Tony Blair for Press Secretary
Thank Goodness for the Brits. Read some of this speech:
First, we should remain the closest ally of the US, and as allies influence them to continue broadening their agenda. We are the ally of the US not because they are powerful, but because we share their values. I am not surprised by anti-Americanism; but it is a foolish indulgence. For all their faults and all nations have them, the US are a force for good; they have liberal and democratic traditions of which any nation can be proud. I sometimes think it is a good rule of thumb to ask of a country: are people trying to get into it or out of it? It’s not a bad guide to what sort of country it is.
The US choice to go through the UN over Iraq was a vital step, in itself and as a symbol of the desire to work with others. A broader agenda is not inimical to the US; on the contrary. For example the US decision to back a new relationship between Nato and Russia has made both missile defence and Nato enlargement easier and less divisive.
The price of British influence is not, as some would have it, that we have, obediently, to do what the US asks. I would never commit British troops to a war I thought was wrong or unnecessary. Where we disagree, as over Kyoto, we disagree.
But the price of influence is that we do not leave the US to face the tricky issues alone. By tricky, I mean the ones which people wish weren’t there, don’t want to deal with, and, if I can put it a little pejoratively, know the US should confront, but want the luxury of criticising them for it.
We must reach out to the Muslim world.
This is about three things. It is about even-handedness.
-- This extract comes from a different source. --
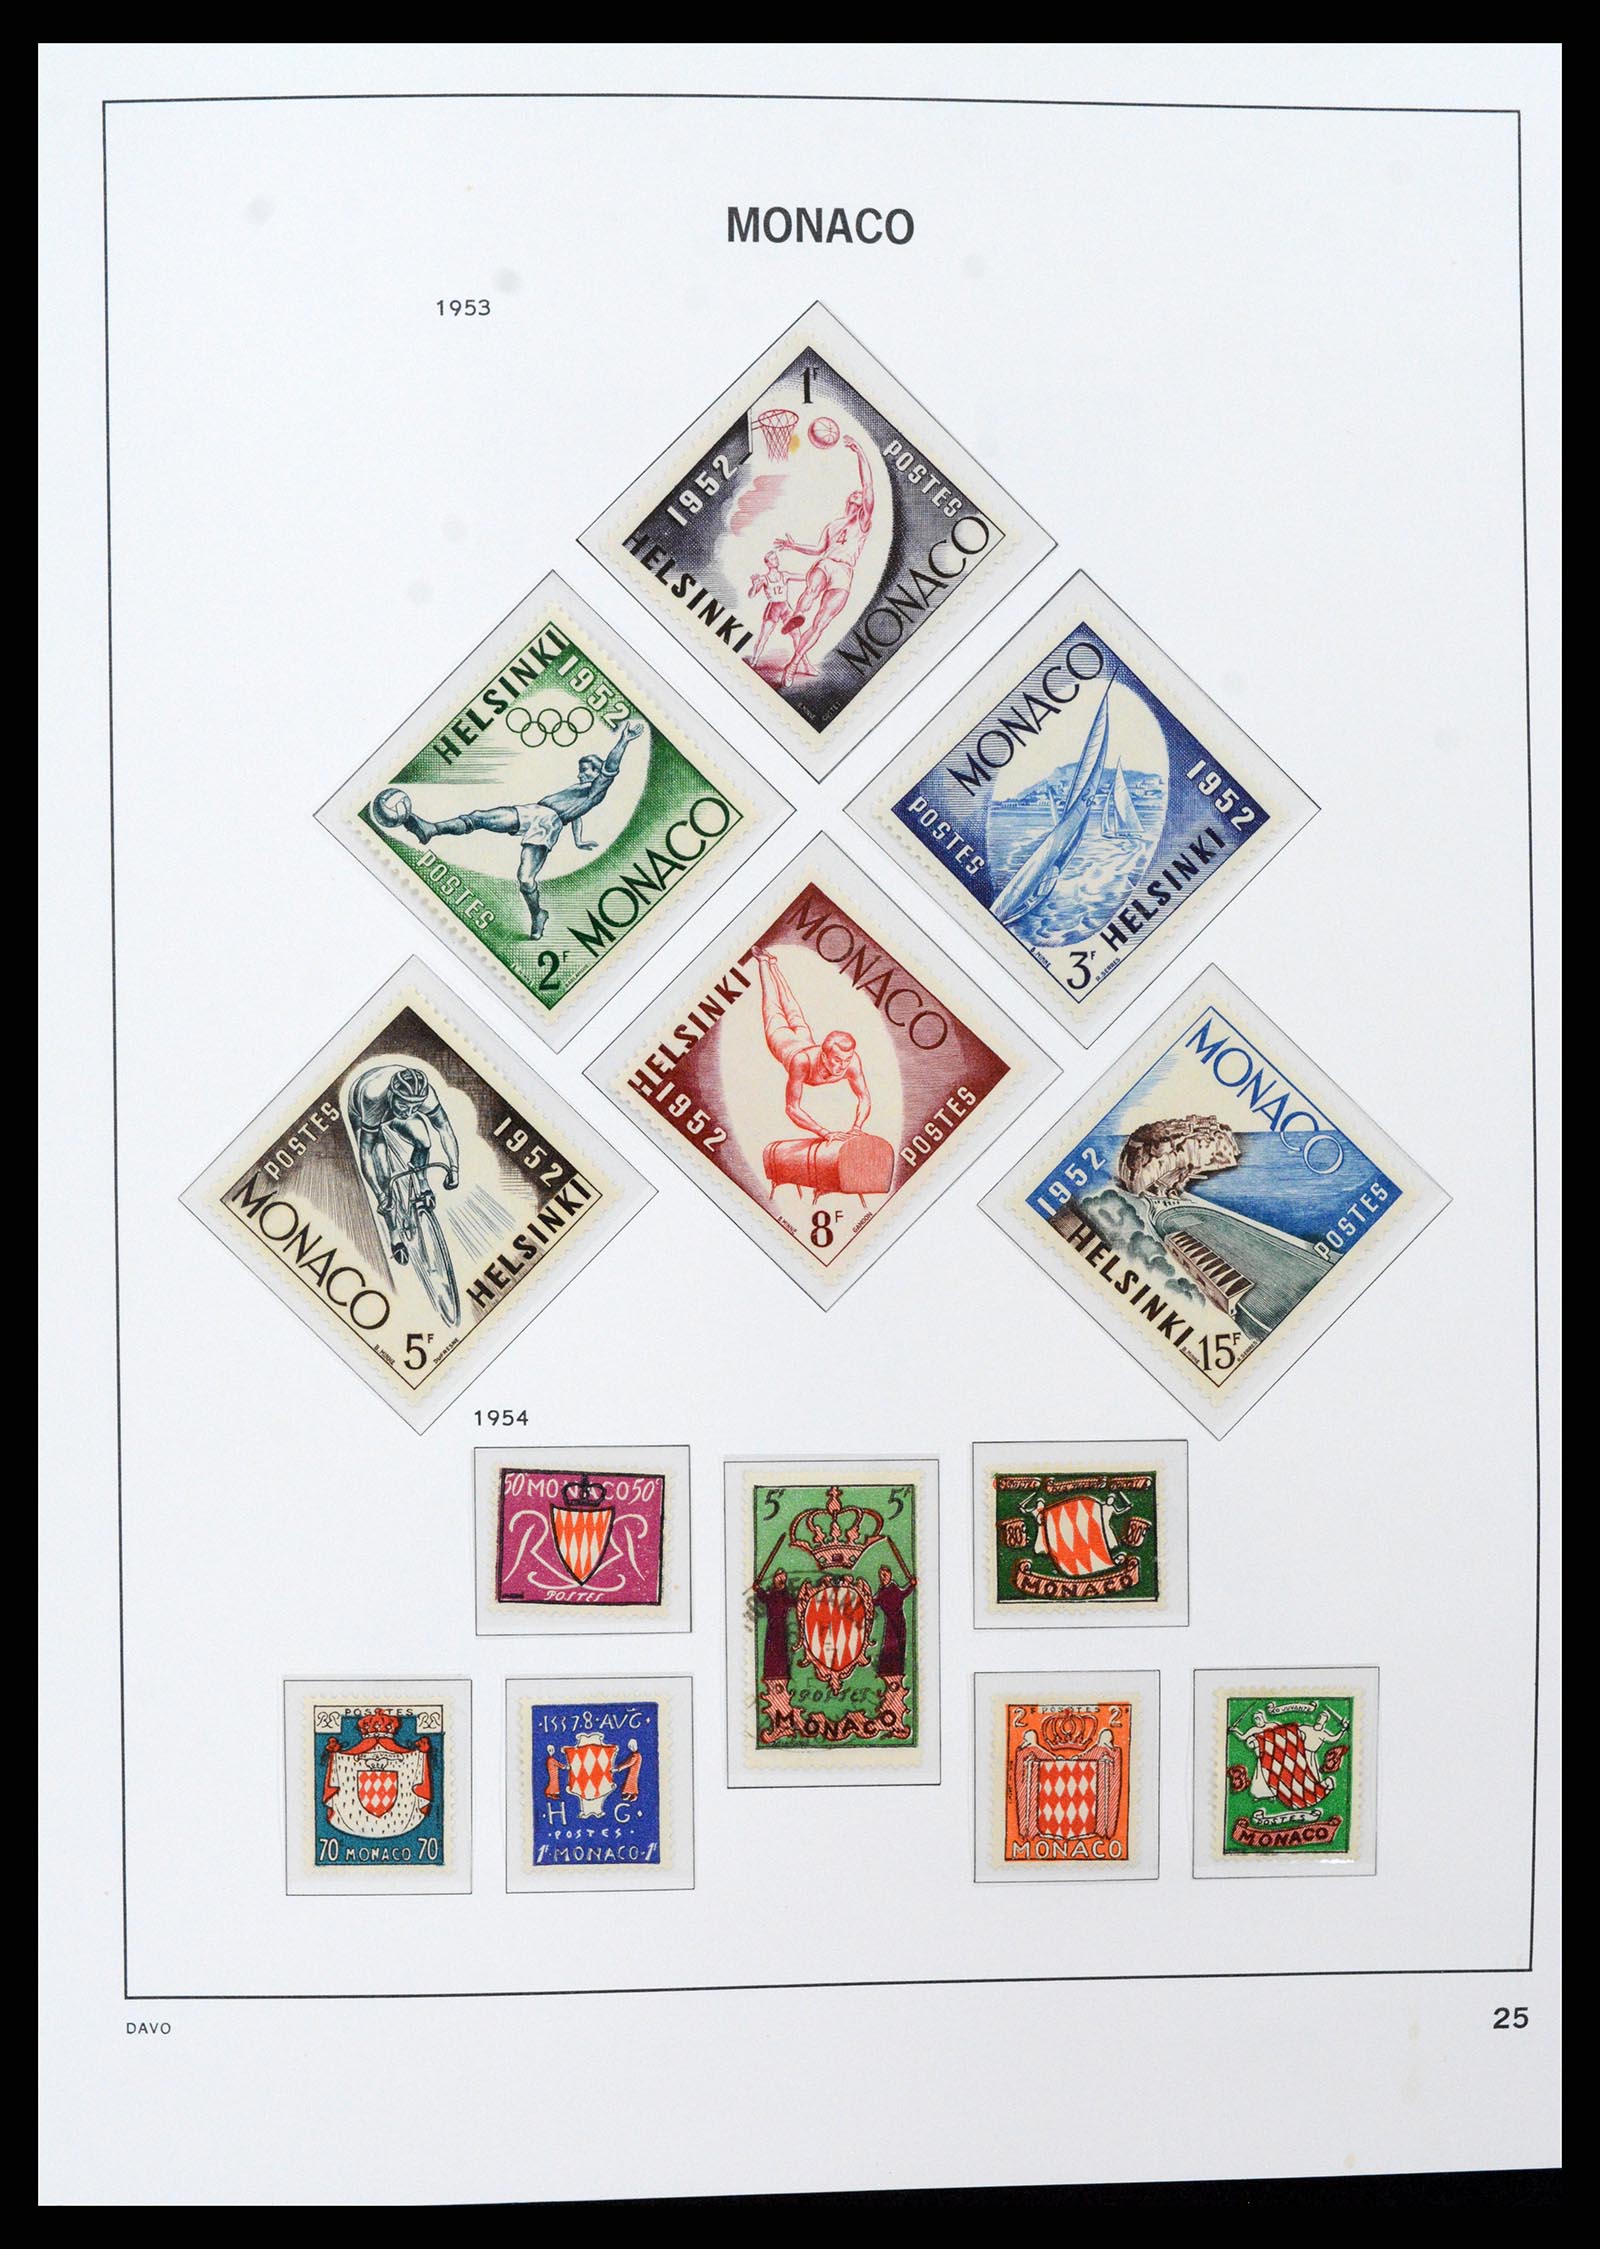 37279 025 - Stamp collection 37279 Monaco 1885-1969.
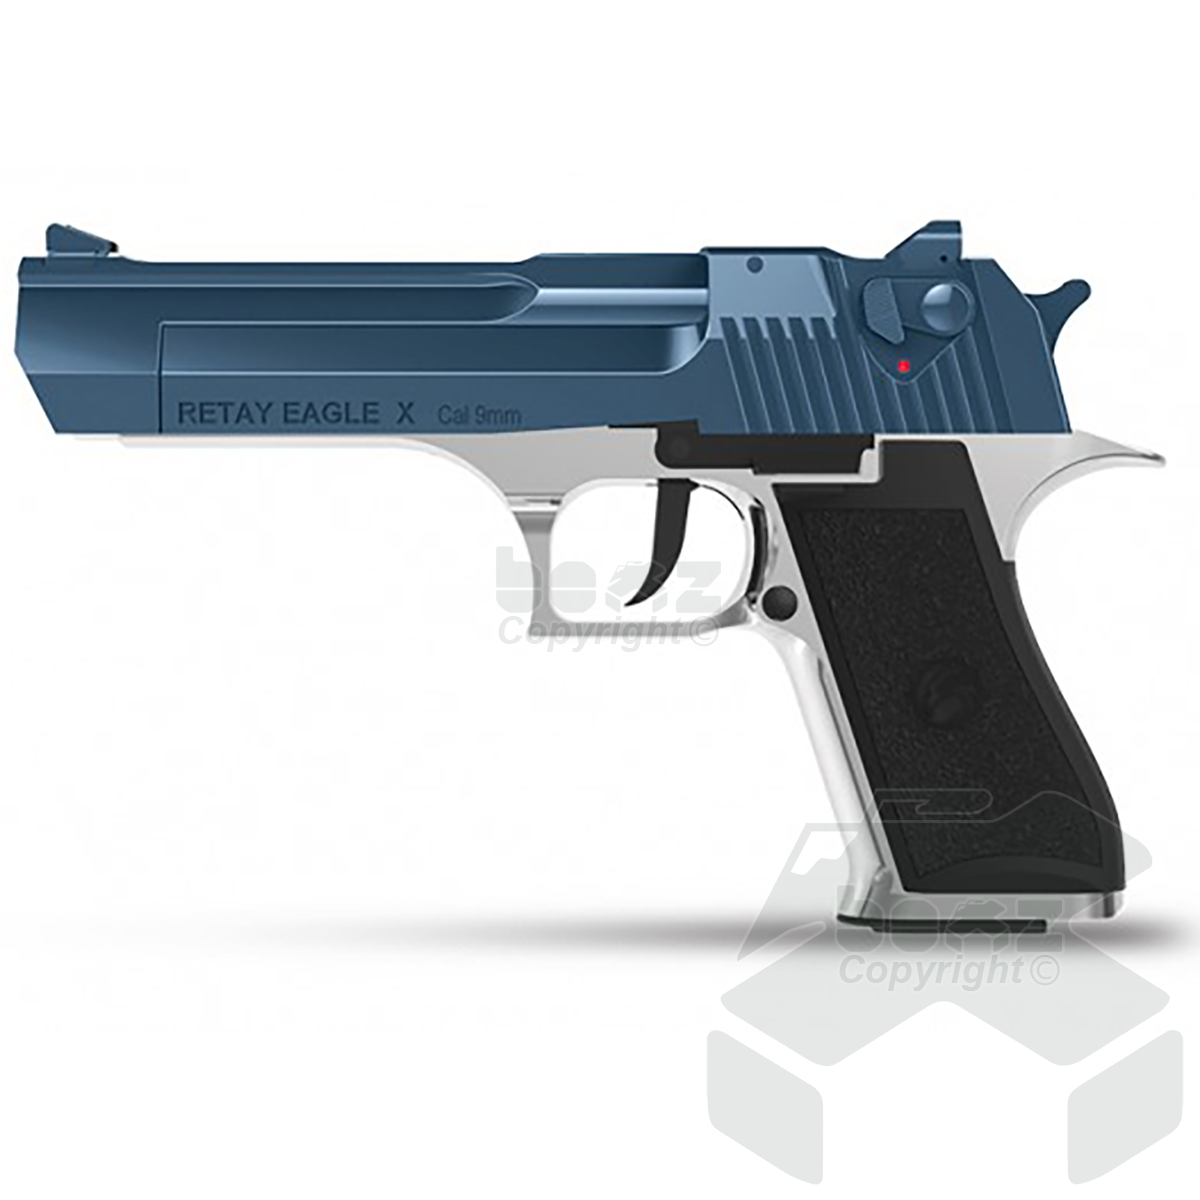 Retay EagleX Blank Firing Pistol - 9mm - Chrome

The reason there is opposition over our stance on Iraq has less to do with any love of Saddam, but over a sense of double standards. The Middle East peace process remains essential to any understanding with the Muslim and Arab world. The terrorism inflicted upon innocent Israeli citizens is wicked and murderous and undoubtedly will bring strong action from the Israeli government. No democratic government could do otherwise. That is not the point. The point is that unless there is real energy put into crafting a process that can lead to lasting peace, neither the carnage of innocent Israelis nor the appalling suffering of the Palestinians will cease. At the moment the future of the innocent is held hostage by the terrorists.
But reaching out to the Muslim world also means engaging with how those countries move towards greater democratic stability, liberty and human rights. It means building pathways of understanding between Islam and other religious faiths. This seems an odd thing for a politician to say – but then I am used to clerics offering me advice. But we need to engage with mainstream Islam at a theological as well as political level. Inter-faith dialogue is one important part of greater understanding. The fanatics who abuse true Islam have to be challenged by ideas and values as much as by security and arms. They will recruit new volunteers as fast or faster as we imprison or destroy the old ones, unless we are helping those within the faith of Islam who are speaking out in favour of moderation, tolerance and sense.
Again, thank god for the Brits and Tony Blair. I will take one England over the rest of the EU any day of the week.